Sharma, N.; Welker, D.; Aghlmandi, S.; Maintz, M.; Zeilhofer, H.-F.; Honigmann, P.; Seifert, T.; Thieringer, F.M. A Multi-Criteria Assessment Strategy for 3D Printed Porous Polyetheretherketone (PEEK) Patient-Specific Implants for Orbital Wall Reconstruction. J. Clin. Med. 2021, 10, 3563.
Sharma, N.; Welker, D.; Aghlmandi, S.; Maintz, M.; Zeilhofer, H.-F.; Honigmann, P.; Seifert, T.; Thieringer, F.M. A Multi-Criteria Assessment Strategy for 3D Printed Porous Polyetheretherketone (PEEK) Patient-Specific Implants for Orbital Wall Reconstruction. J. Clin. Med.2021, 10, 3563.

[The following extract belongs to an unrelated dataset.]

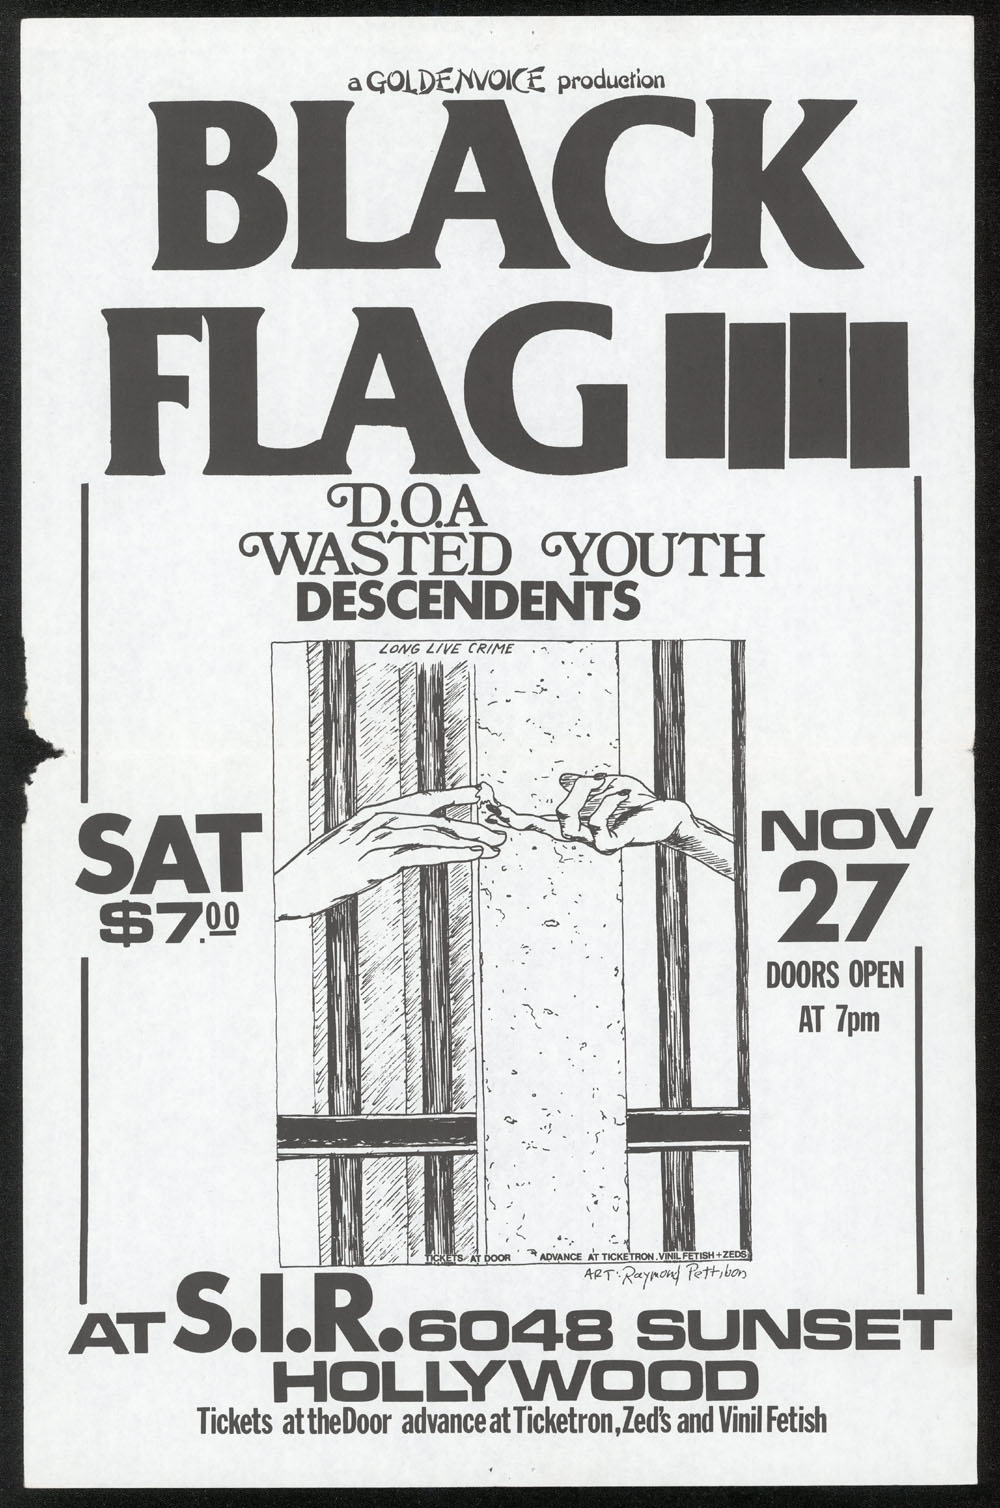 black flag 1982 demos zip

Sharma, N.; Welker, D.; Aghlmandi, S.; Maintz, M.; Zeilhofer, H.-F.; Honigmann, P.; Seifert, T.; Thieringer, F.M. A Multi-Criteria Assessment Strategy for 3D Printed Porous Polyetheretherketone (PEEK) Patient-Specific Implants for Orbital Wall Reconstruction. J. Clin. Med. 2021, 10, 3563.
Abstract
Pure orbital blowout fractures occur within the confines of the internal orbital wall. Restoration of orbital form and volume is paramount to prevent functional and esthetic impairment. The anatomical peculiarity of the orbit has encouraged surgeons to develop implants with customized features to restore its architecture. This has resulted in worldwide clinical demand for patient-specific implants (PSIs) designed to fit precisely in the patient's unique anatomy. Fused filament fabrication (FFF) three-dimensional (3D) printing technology has enabled the fabrication of implant-grade polymers such as Polyetheretherketone (PEEK), paving the way for a more sophisticated generation of biomaterials. This study evaluates the FFF 3D printed PEEK orbital mesh customized implants with a metric considering the relevant design, biomechanical, and morphological parameters. The performance of the implants is studied as a function of varying thicknesses and porous design constructs through a finite element (FE) based computational model and a decision matrix based statistical approach. The maximum stress values achieved in our results predict the high durability of the implants, and the maximum deformation values were under one-tenth of a millimeter (mm) domain in all the implant profile configurations. The circular patterned implant (0.9 mm) had the best performance score. The study demonstrates that compounding multi-design computational analysis with 3D printing can be beneficial for the optimal restoration of the orbital floor.
Keywords
blow-out; biocompatible materials; computer-aided design; finite element analysis; orbit; implant; orbital fracture; patient-specific modeling; printing; three-dimensional.
Subject
Medicine and Pharmacology, Immunology and Allergy
Copyright:
This is an open access article distributed under the Creative Commons Attribution License which permits unrestricted use, distribution, and reproduction in any medium, provided the original work is properly cited.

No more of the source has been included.